Haci, iftar öncesi konuşmasında, “Yaşadığımız toplum hakkında sorumluluk taşıyan, bu toplumda birlik içinde olmayı arzu eden Müslümanlar ve gayri Müslimler olarak bir iftar sofrasının etrafında toplamak bizim için bir şereftir.” dedi.
Haci, sözlerini şöyle sürdürdü:
“Din uğuruna da savaşların yapıldığı zamanlara tanık oluyoruz. Oysa biz Bulgaristan’da farklı din ve etnisitelerin mensupları olarak aynı sofranın etrafında oturarak, dinin bizleri ayırmadığını, zira birleştirdiğini gösteriyoruz.”
Bulgaristan’da Başmüftülük Diyanetinin 100 yılı aşkın bir süredir ülkedeki Müslümanların manevi ve dini hayatına özen gösterdiğine işaret eden Haci, “Bulgaristan bizim vatanımız olduğu için, devletimizin daima sadık birer vatandaşı olduk. Yasalara aykırı en ufak bir harekette bulunmayı asla aklımızdan bile geçirmiş değiliz.” diye konuştu.
Başmüftülüğün Genel Sekreteri Celal Faik, AA muhabirine yaptığı açıklamada, salgın nedeniyle son iki yıl ramazan geleneğini idrak edemediklerini, ancak bu yıl Bulgaristan’daki Müslüman halkına, Sofya’daki kanaat önderlerine iftarlar düzenlediklerini anlattı.

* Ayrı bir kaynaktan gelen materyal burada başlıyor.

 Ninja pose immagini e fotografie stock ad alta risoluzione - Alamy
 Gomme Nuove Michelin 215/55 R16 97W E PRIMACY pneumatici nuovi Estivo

Ramazan ayı vesilesiyle Bulgaristan çapında yaklaşık 10 bine yakın gıda paketi dağıtıldığını aktaran Faik, “Bu vesileyle Türkiye Cumhuriyeti’ne, TİKA’ya, Vakıflar Genel Müdürlüğüne ve bütün yardım kuruluşlarına çok teşekkür ediyoruz.” dedi.